A neon night at Nitro Club, Boulder’s last and only strip club

A Moth by Sundown

By Edward Simpson Aug 28 2019

Editor’s note: With the closing of North Boulder’s Bus Stop last year, there’s only one strip club left in Boulder, Nitro Club, located in an alley just south of the Pearl Street Mall between Broadway Ave. and 11th Street. Opened in 2007, the club has survived battles with the city to remain. The below is a chronicle of a recent Nitro Club experience by BDLRfly writer Edward Simpson.

I just wanted to get a few drinks, knick a spot that didn’t seem like it belonged.

On the Pearl Street Mall, families and lovers strolled, kids ate ice cream, street entertainers drummed plastic buckets, a man on a tower of chairs juggled flaming knives, and fortune tellers advised listeners to follow constellations.

So I haunted the North Star and crawled into the Sundown Saloon to find loose magic. I grabbed a beer, found a perch, and watched patrons shoot pool. Guys showed girls how to take shots. Girls acted like they didn’t know how to play.

Here in America, we were still playing out casualties, and it was nice to think I could profit off a gamble, but I wasn’t there for that.

I went to take a piss; I flushed and ran out the rear exit. I stumbled up the steps loony, caught by the moon’s intention. Moths racketeered the street lamp.

The ambient melancholy settled on casual smokers. A hand rested on a boy’s back. He was looking at the ground, clutching his stomach. A girl stroked his hair. A girl in a sachet let the wind wrap around her. A stream of tobacco fell off rogue lips.

Neon Night

Entering Nitro, the bouncer stood with his arms crossed. He asked me for money, and I forked it over to fall into another room. The door handle was gold. The music was low.

I found a seat by the bar and ordered a beer. The air was pink. A girl appeared, a ghost in a silver dress, whispering she liked my floral pattern. It was all dandy. She perched by my ear and said, “Hi.” She asked how I wound up here. I told her I was there to write a story. She said she met three writers already and I asked for a gun.

It was a polite beer. I asked her what I need to pay attention to and she said the next song. “I’m going on if you want to throw your dollars south.”
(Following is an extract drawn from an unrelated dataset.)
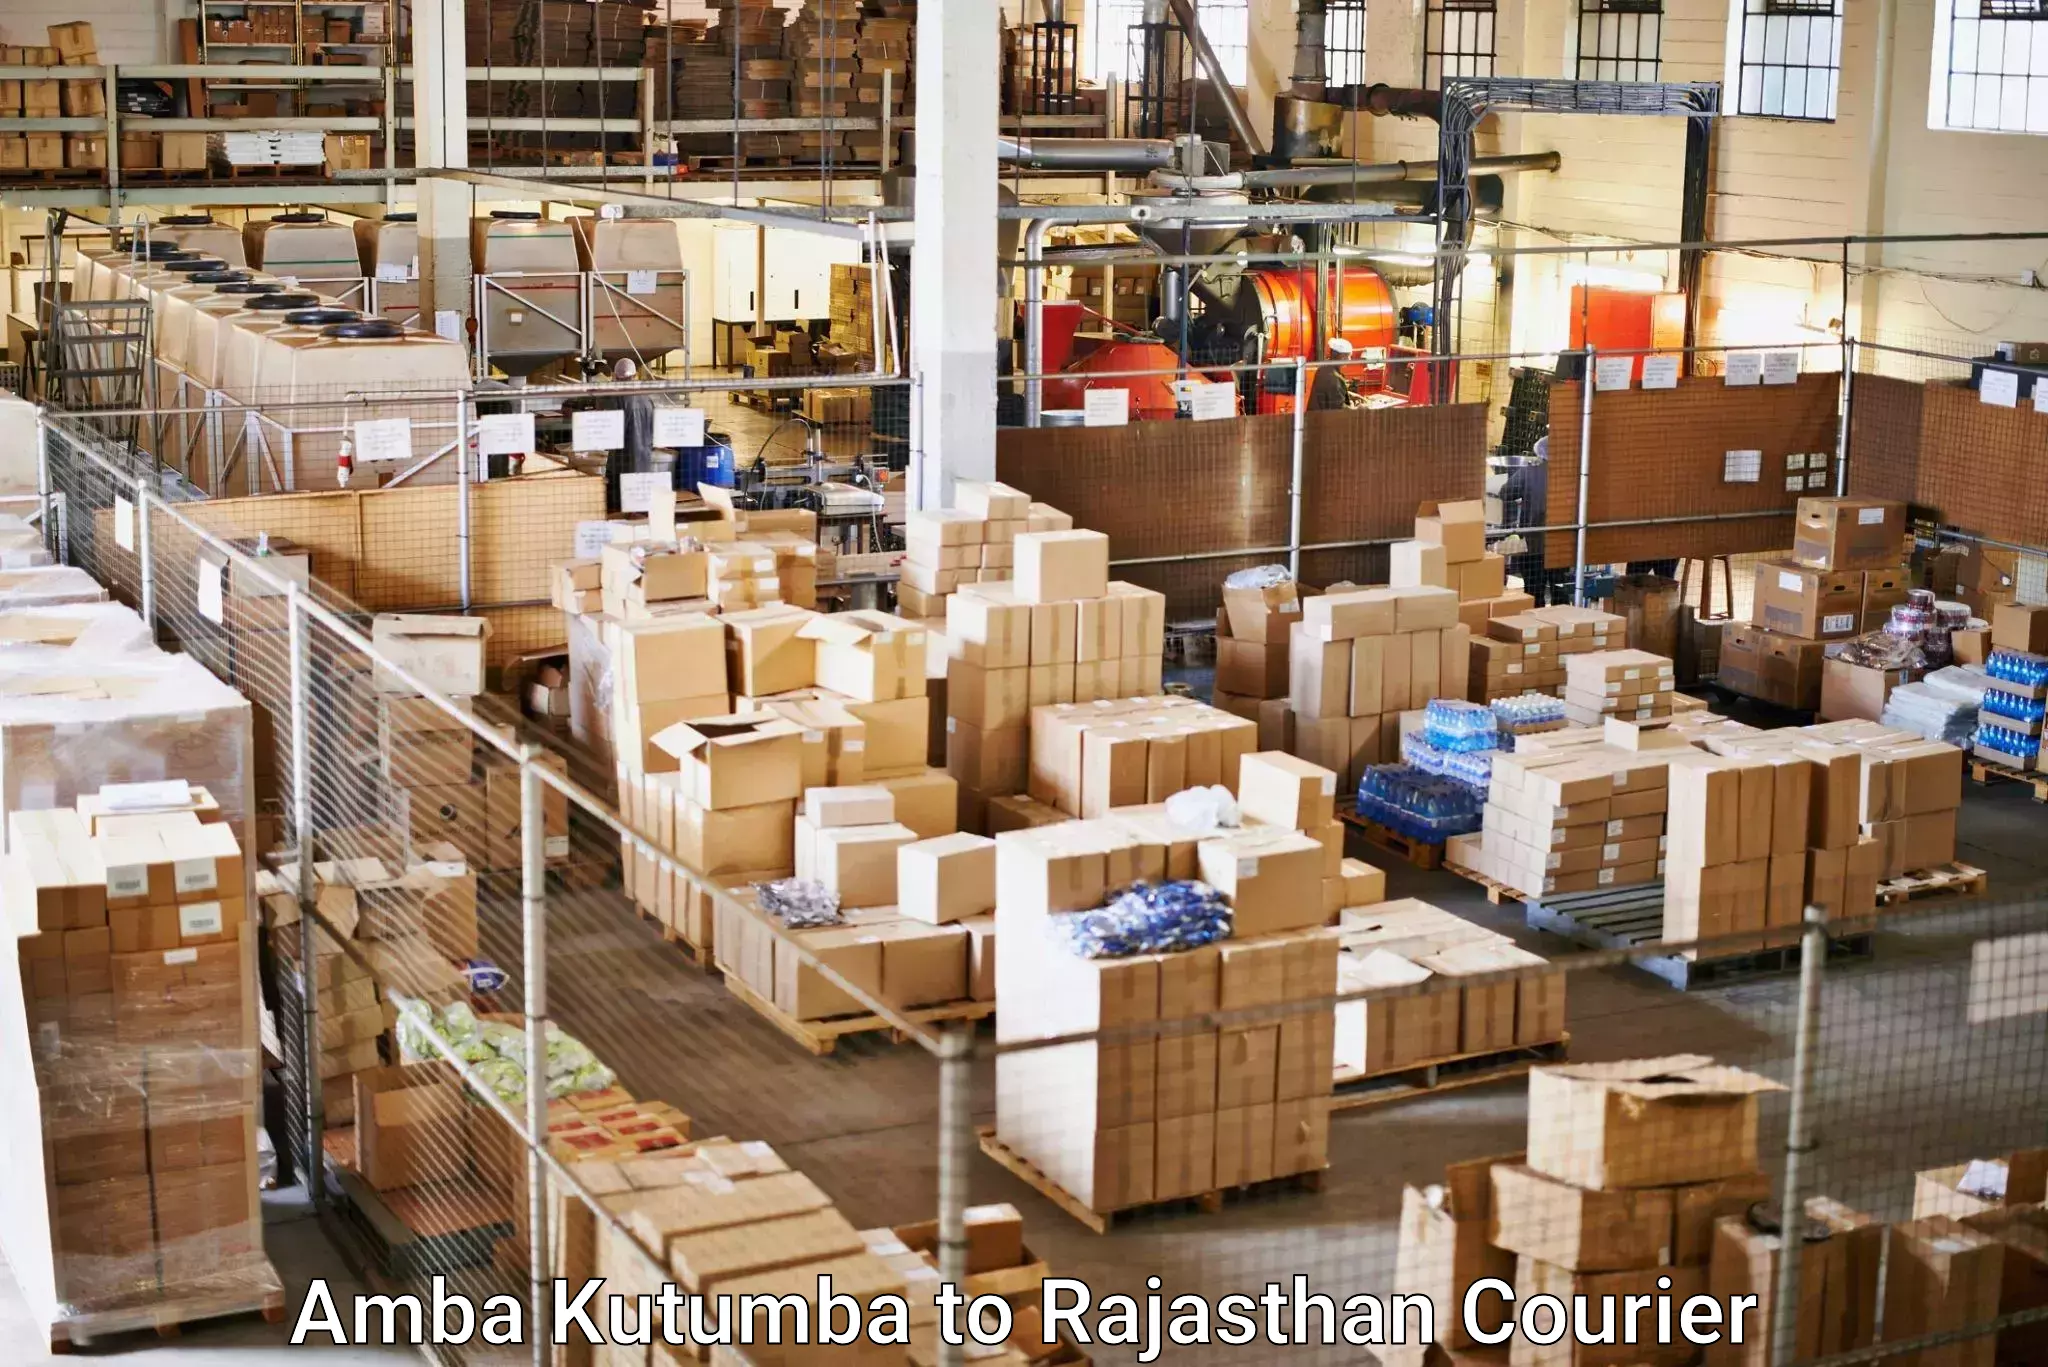 Fast shipping solutions Amba Kutumba to Suratgarh

Despite her sly demeanor, I sipped my beer and watched her leave her dress to gravity. She was sharp and serpentined up to wide legs and a stack of dollars. She bit the neon as she arched her back. Red auras manipulated around her silhouette. She clacked her heels together. This was not Kansas.

An older gentleman watched from corner stage. A guy tucked a dollar into a tall blonde’s g-string while his girlfriend watched. Jesus held a dollar to the wind, toes poking out of his sandals.

The bartender stood in blue, drying a glass. Cottonmouth was hunkering. I began to understand how and why a lusty dive carved into the underbelly of Boulder was an alternate dimension.

Nitro’s back alley by day. A very different scene. Photo: Tatyana Sharpton

The economy was stimulated. The lonely were saved from their homes. College girls were making well below their pay-grade.

I sat by the stage. The red light kissed my knees. A new duo took the stage, a new demeanor, its own striation.

She crooned by the pole, flipped into the rafters, came down like a feather. People were smiling. Snakes hugged my ankles. The bartender fueled my ambitions. If I let the melancholy take hold, it would feel delicately dandelion. I must’ve fallen in love five times.

A girl had a boy and dog on her hips. One girl had fire in her hair. A brunette was a crane in another life. The audience gawked in a form of worship. She took his hand and lead him where no one could see, told him secrets for three minutes, and returned by the song.

Return

Back in the low whispers of street drunks, I was so drowsy in love.

Gold bled from restaurant signs. People intertwined in glass. The Flatirons loomed like dark giants over Boulder, extending a somber shadow in the evening.

Executives drove their sharks home. Couples had their doubts. Wives became mothers. Sons and daughters came out. Mothers and fathers became swingers. Someone would drink whiskey from the cabinet. Someone would cry. Someone would masturbate and go to sleep. Someone would play Xbox.

Surely, it would all be okay behind closed doors.

The establishment would be hollow by morning. America would still thrive in the muzzled mouth of suburbia — a gold molar hidden in photography — a temporary fortune — a reflection in a storefront window, huddled, walking in the scent of someone else’s perfume.